* _Data for analysis_:
==============================

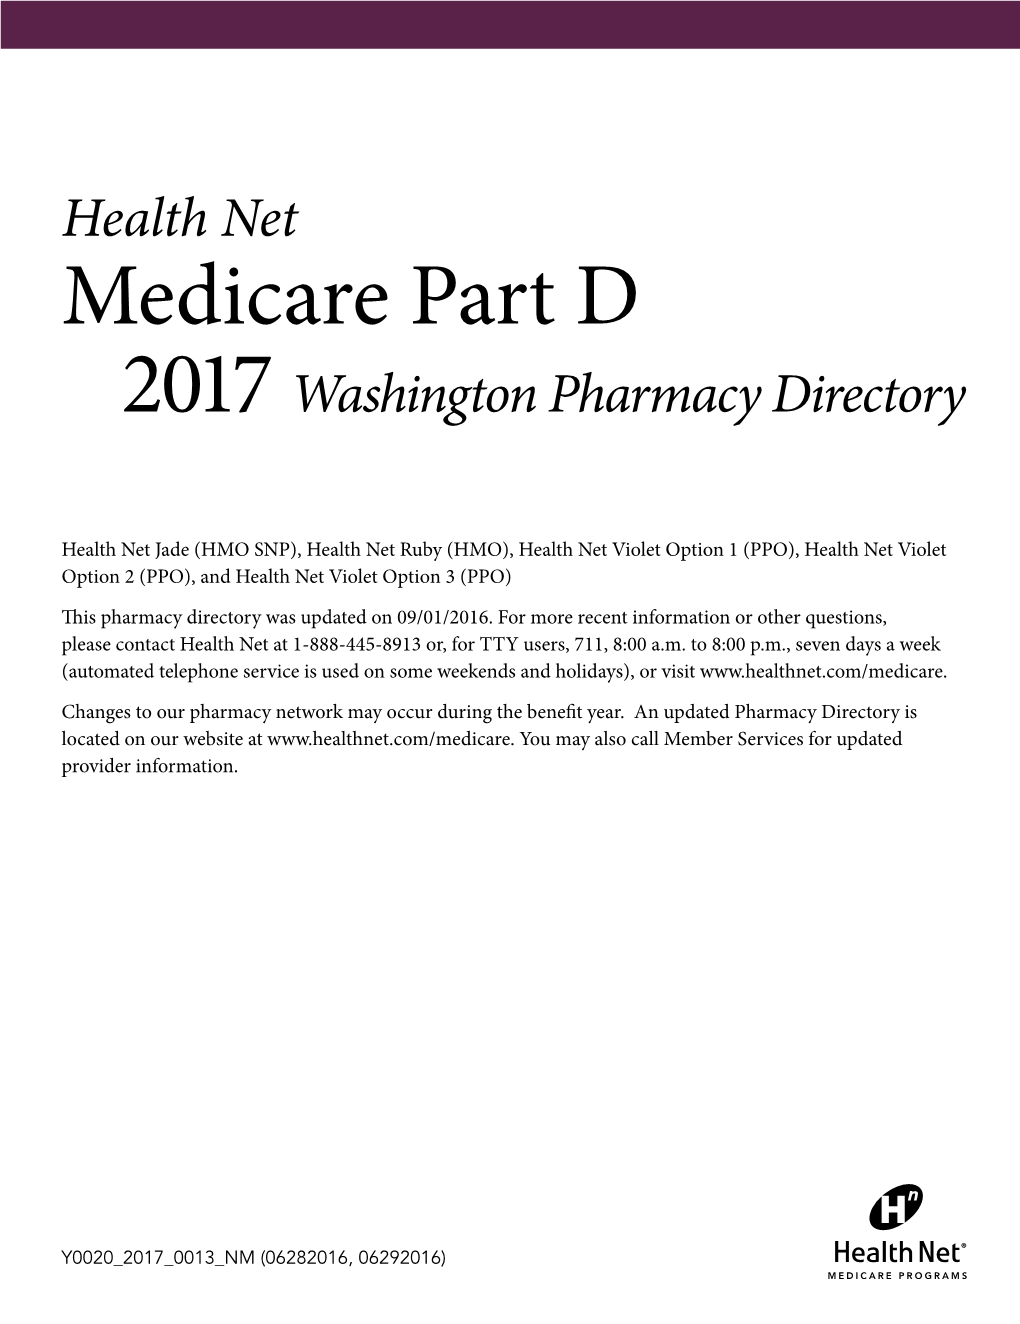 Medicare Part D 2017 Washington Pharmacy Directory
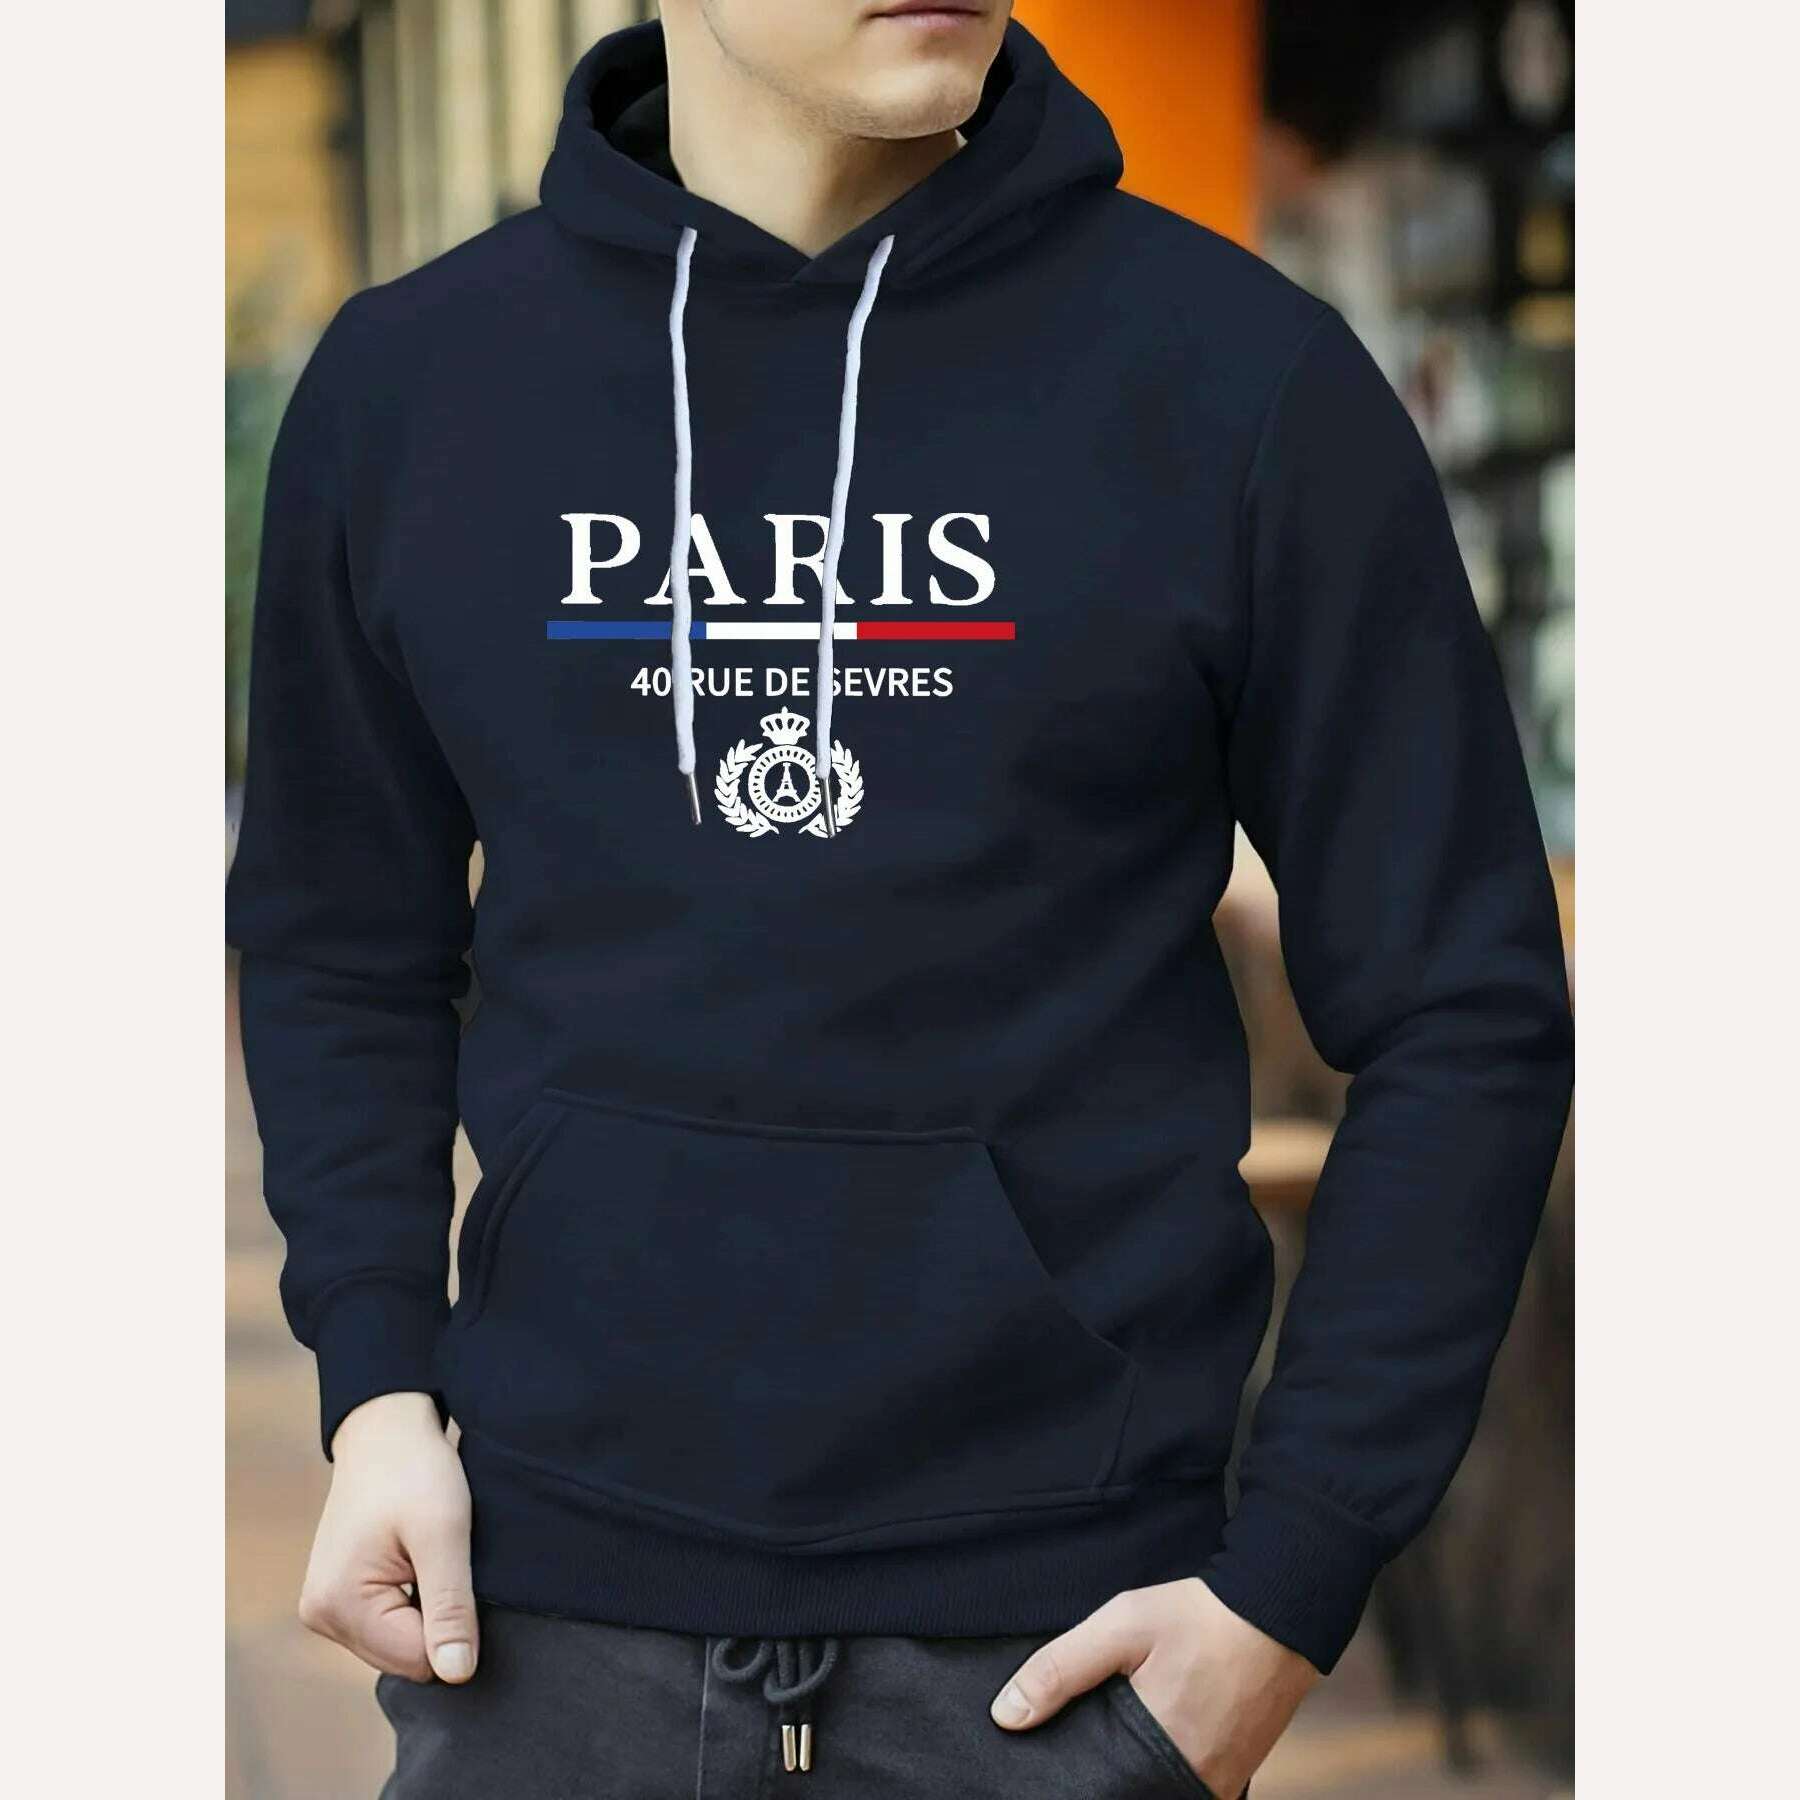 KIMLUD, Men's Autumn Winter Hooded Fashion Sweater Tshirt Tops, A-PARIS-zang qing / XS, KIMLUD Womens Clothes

==============================

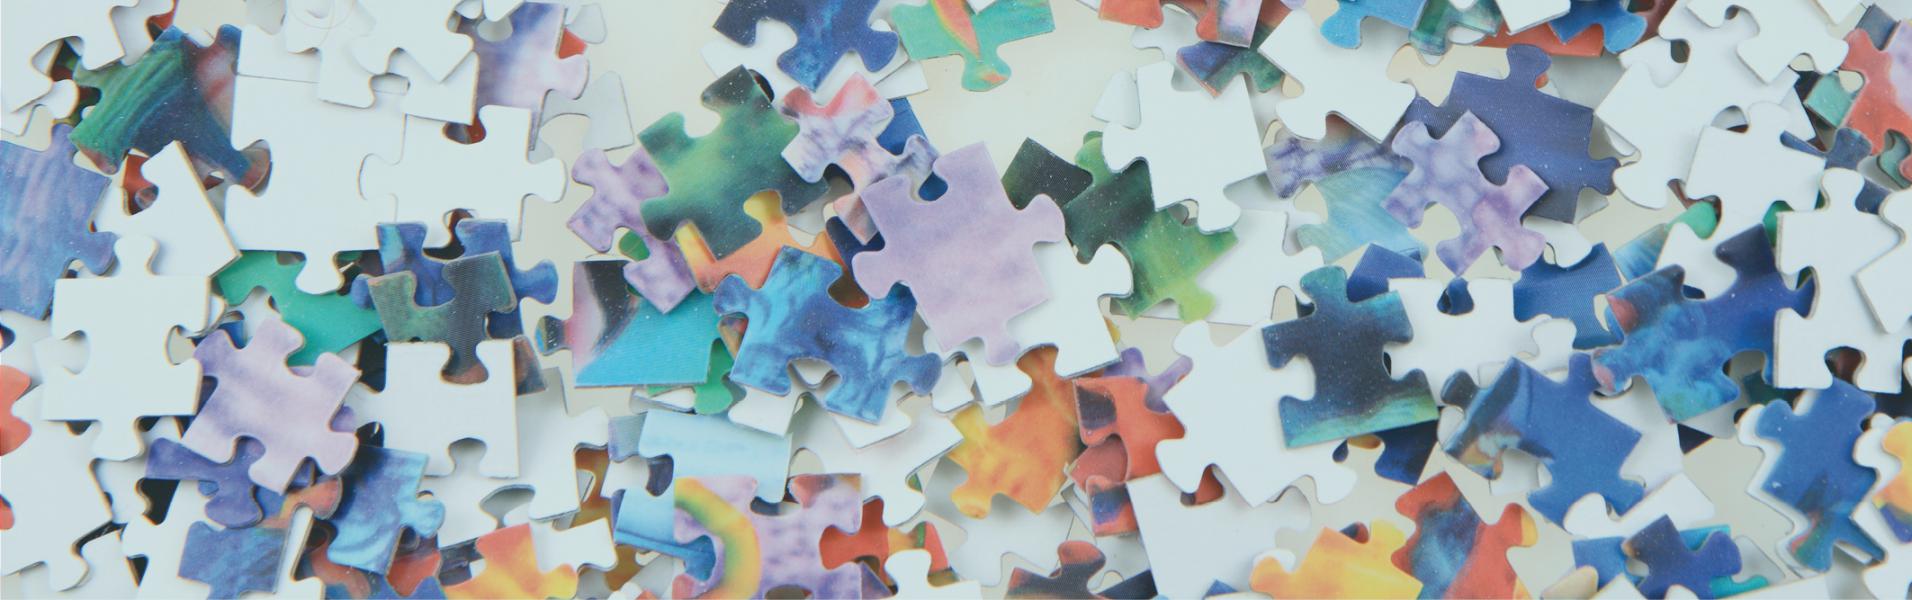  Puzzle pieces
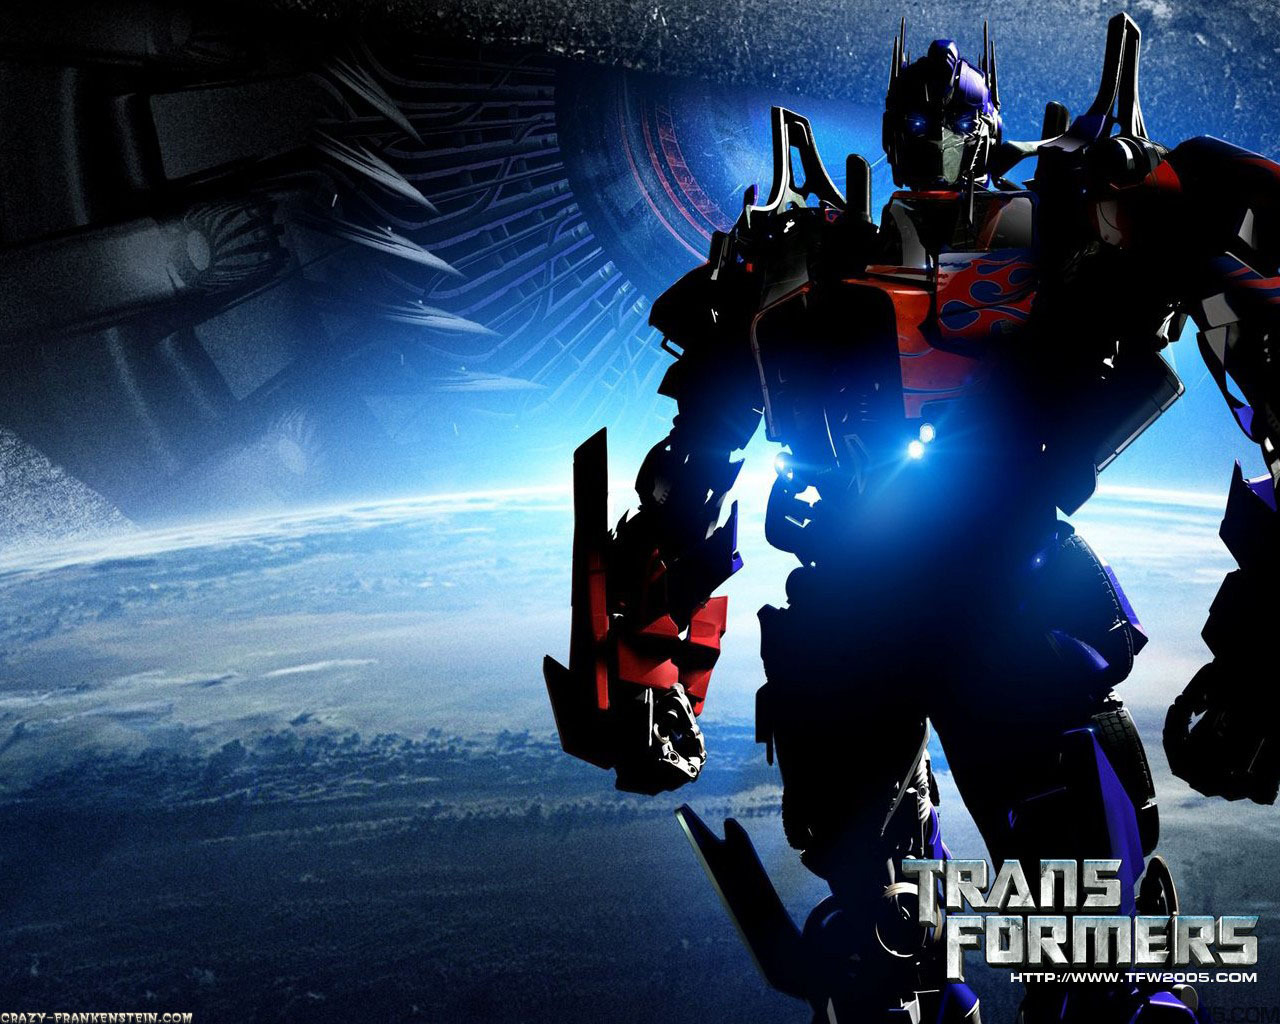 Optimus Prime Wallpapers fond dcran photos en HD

==============================

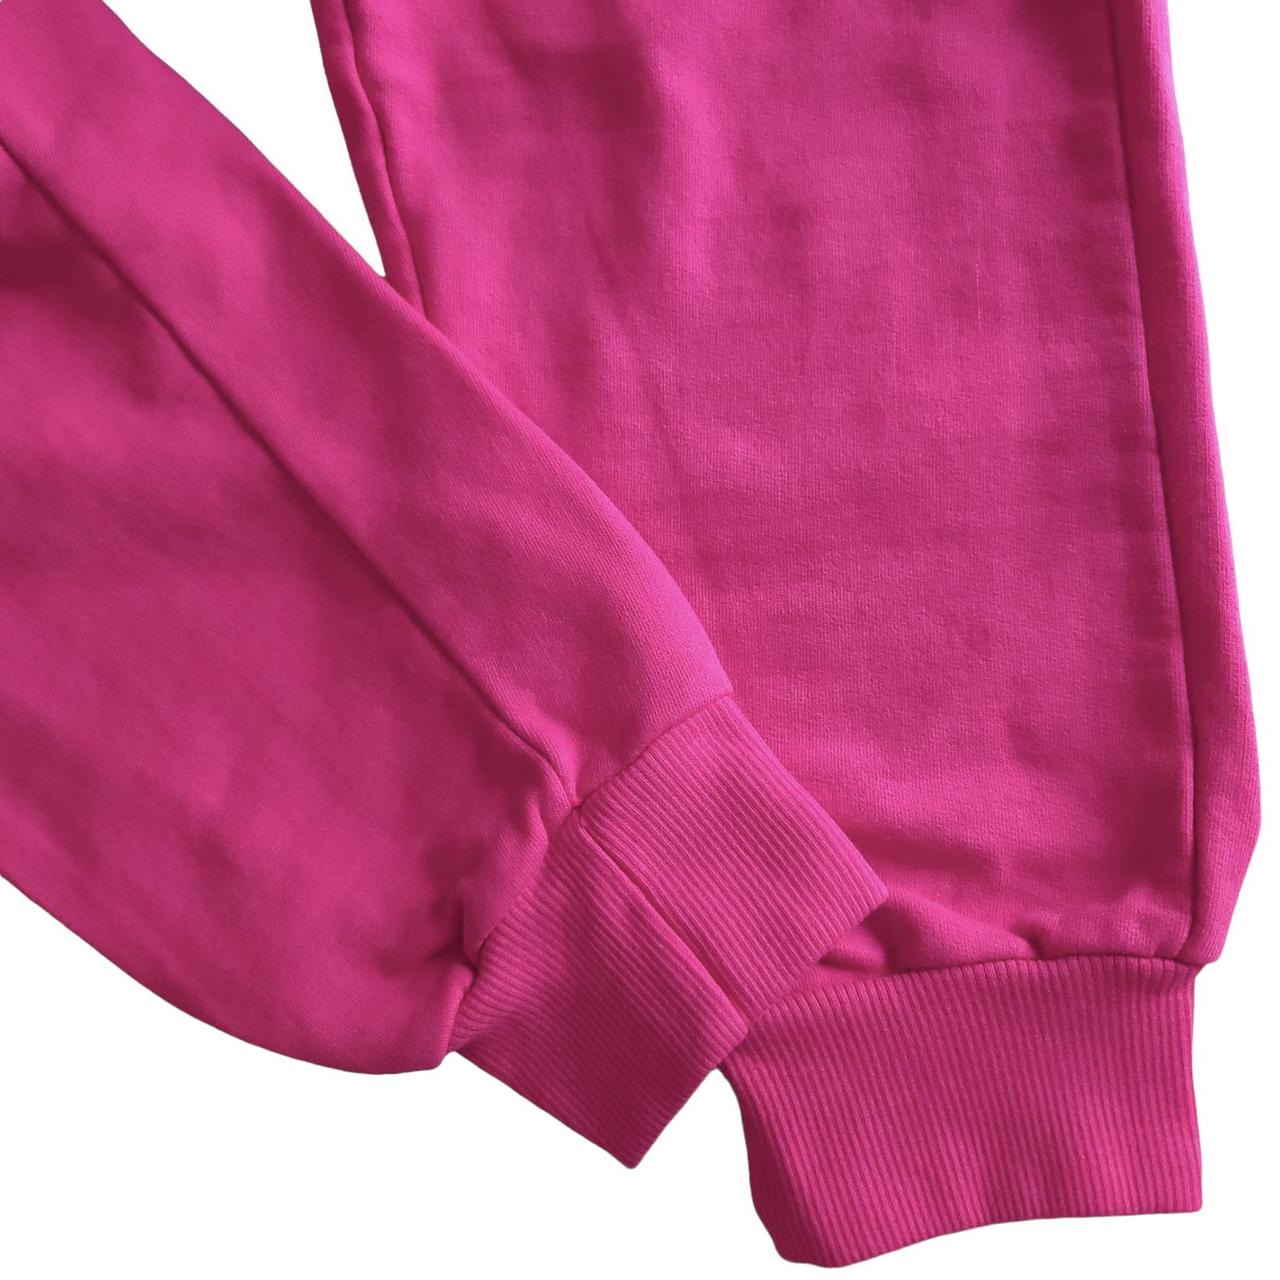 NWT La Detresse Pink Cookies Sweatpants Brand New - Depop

==============================

* _What is being asked_: Copy everything above from the line holding "Medicare Part D" down to the line holding "KIMLUD, Men's Autumn", both ends included, exactly as it stands and without the pictures.

* _Written solution_:
 Medicare Part D 2017 Washington Pharmacy Directory
 KIMLUD, Men's Autumn Winter Hooded Fashion Sweater Tshirt Tops, A-PARIS-zang qing / XS, KIMLUD Womens Clothes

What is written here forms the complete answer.